Тебе известны истины, открытые мудрым Зердустом; они суть эмблемы божества, чистейшие, нежели священный огонь, хранимый в храме Бактры. Будь твердо уверен, что род человеческий получит награду в будущей жизни. Ангелы, стрегущие мост, через который смертным переходить должно, положат на весы каждое из наших деяний.

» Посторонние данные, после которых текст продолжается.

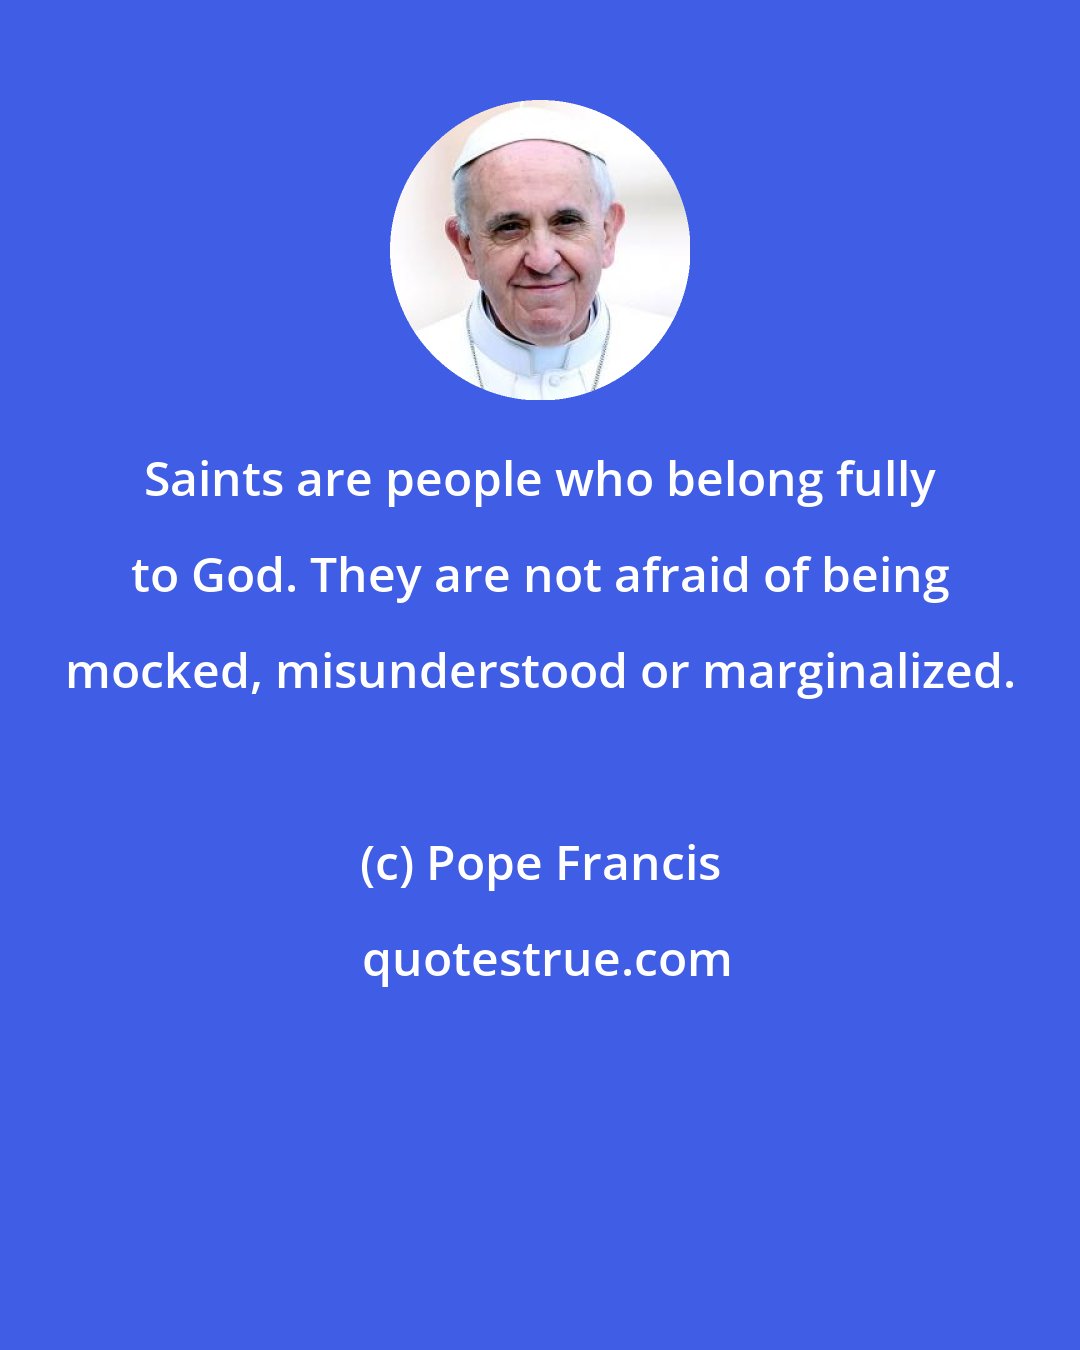 Pope Francis: Saints are people who belong fully to God. They are not afraid of being mocked, misunderstood or marginalized.

От нас самих зависит, утвердить или разрушить свои надежды, свое счастье.

«Как! — скажешь ты, — разве Ариманию позволено будет наказывать тех, которых сам он обманул, ввел в заблуждение?» Не сомневайся в том; заслужившие развратной жизнью наказание подлежат власти злого начала. Когда Оромазд оставляет несчастных смертным, в ту минуту Ариманий берет их под свое владычество, так точно, как тьма заступает вместо света, когда лучезарный Мифра скрывается за горы.

Для нас довольно знать, что Ариманий есть враг наш и желает торжествовать над нашей слабостью; на что доискиваться его начала? На что осведомляться о причинах его господствования? Разве нельзя возлагать упования на судьбы небес, не проникнув их таинств? Мы хотим достигнуть границ пространства неизмеримого, хотим слабым воображением перелететь за пределы времени и познать естество вечности; хотим проникнуть в сокровенные свойства добра и зла, их начало и продолжение; но тысячи томов написаны о сих предметах — и высокие истины не открыты; суетное дерзновение смертных никогда не поднимет таинственной завесы.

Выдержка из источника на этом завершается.